The luxury tax “is a factor,” in what the Astros will do at the trade deadline, GM James Click told broadcaster Robert Ford on the team’s pregame radio show (hat tip to Chandler Rome of The Houston Chronicle). However, Click also noted that the Competitive Balance Tax “is not a hard cap,” which is something of a broad remark that could imply the Astros are willing to exceed the $210MM threshold if necessary, or it could just be a simple statement of fact. Houston is currently quite close to the $210MM threshold — Cot’s Baseball Contracts has the team’s estimated tax number just shy of $207MM, while Roster Resource has the Astros with even less breathing room at roughly $208.8MM.
The Astros exceeded the CBT threshold last year, though since they didn’t top the threshold by more than $20MM and it was their first time in excess, the club paid the minimal first-timer rate of a 20 percent tax on the overage (for a total bill of $3,263,800). For passing the threshold again, the Astros would be taxed at 30 percent of the overage, though that again wouldn’t represent a big payout assuming they stayed under the $230MM mark.
As The Athletic’s Ken Rosenthal has pointed out, however, if the Astros were tax-payors, their additional penalty would include lesser draft pick compensation if a qualifying-offer rejecting free agent (i.e. Carlos Correa or Justin Verlander) left for another team. It would also cost Houston higher draft picks off their own board as compensatory picks if they were to sign a QO-rejecting free agent of their own. The Astros may have to get creative in adding any sort of salary at the trade deadline if they are to stay under the tax threshold, since doing nothing would seem like a wasted opportunity for a club that has the look of playoff contender.
More from Houston…
- Lance McCullers Jr. is scheduled to return from the injured list and start Tuesday’s game against the Rangers, manager Dusty Baker told MLB.com’s Brian McTaggart and other reporters. McCullers went on the 10-day IL on May 26 due to a sore right shoulder, and he’ll be on a pitch limit as the Astros will look to ease him back into action. Jake Odorizzi will work as the piggyback pitcher behind McCullers, as he too is working his way back to full strength following an IL stint due to a forearm strain.

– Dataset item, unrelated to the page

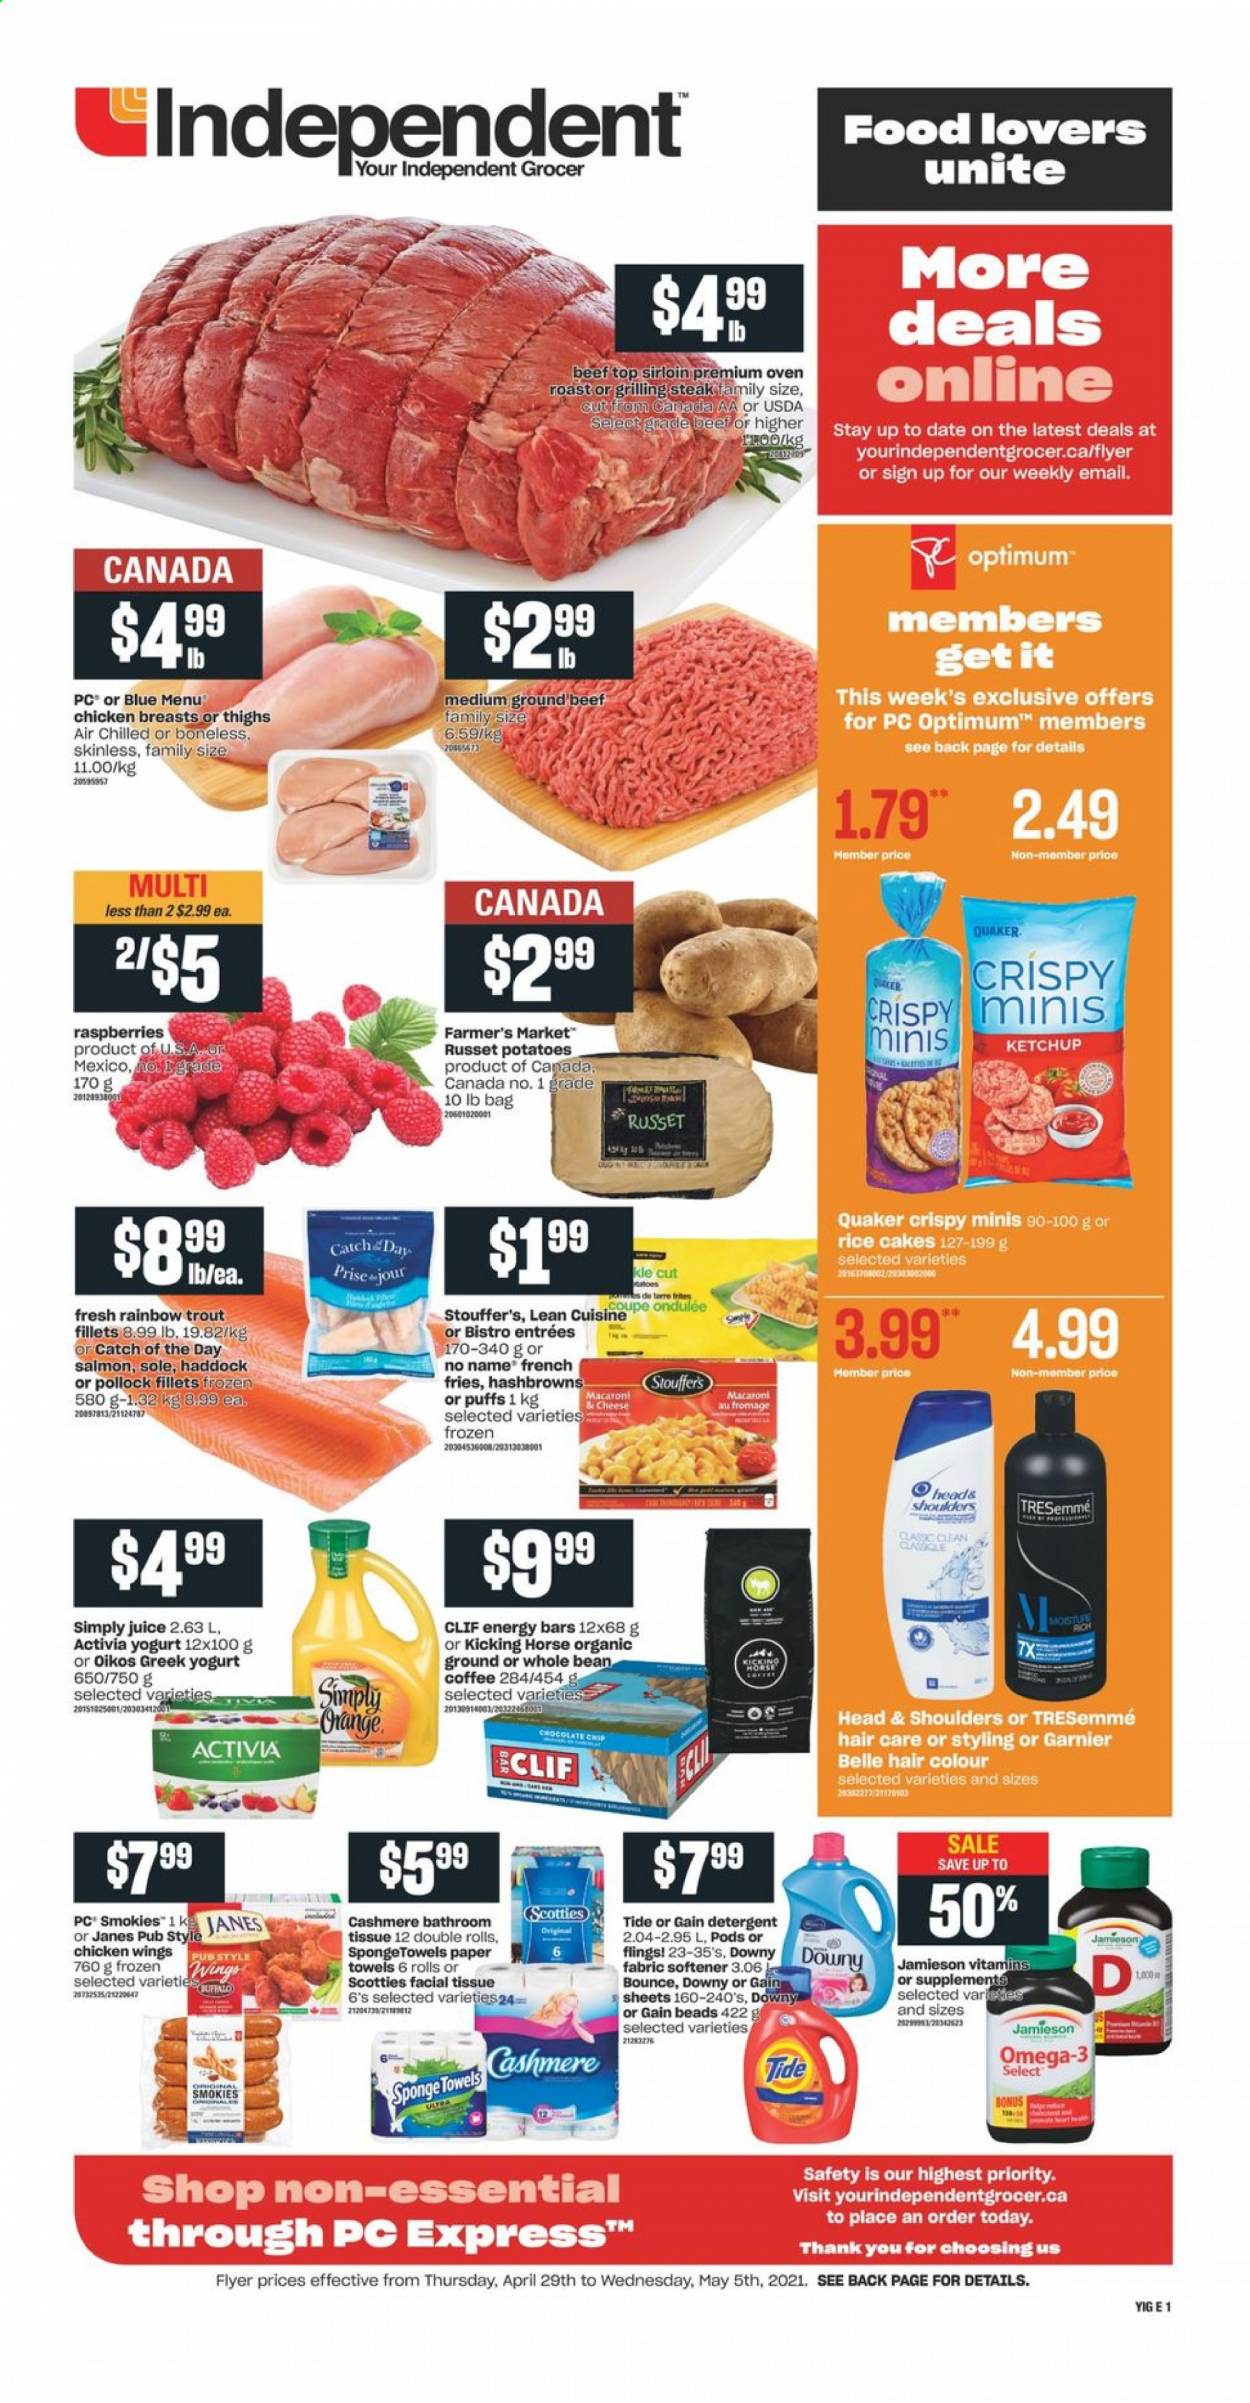 thumbnail - Independent Flyer - April 29, 2021 - May 05, 2021 - Sales products - puffs, russet potatoes, potatoes, salmon, trout, haddock, pollock, No Name, macaroni & cheese, Quaker, Lean Cuisine, greek yoghurt, yoghurt, Activia, Oikos, chicken wings, Stouffer's, hash browns, potato fries, energy bar, juice, coffee, chicken breasts, beef meat, ground beef, tissues, kitchen towels, paper towels, Gain, Tide, fabric softener, Bounce, Downy Laundry, TRESemmé, hair color, sponge, Optimum, Omega-3, Garnier, Head & Shoulders, steak. Page 1.

- Both McCullers and Odorizzi will be part of a six-man rotation Houston will deploy over a stretch of 20 games in 20 days, beginning on Tuesday. It is quite possible that further injuries or lack of performance could alter the Astros’ plans over the next three weeks, but assuming everyone is healthy and effective, Chandler Rome thinks Luis Garcia could be the odd man out once the rotation reverts to a five-man staff that would consist of Zack Greinke, Jose Urquidy, Framber Valdez, McCullers, and Odorizzi. Garcia has pitched quite well this season, with a 2.98 ERA/3.64 SIERA over 63 1/3 innings and above-average strikeout and walk rates. Despite several injuries to the rotation earlier in the year, Houston is now in “good problem to have” territory with a surplus of arms — Cristian Javier has already been demoted to the bullpen after delivering good results as a starter. With Garcia also possibly joining the mix in July, he could provide a nice boost to the Astros’ middle-of-the-pack relief corps.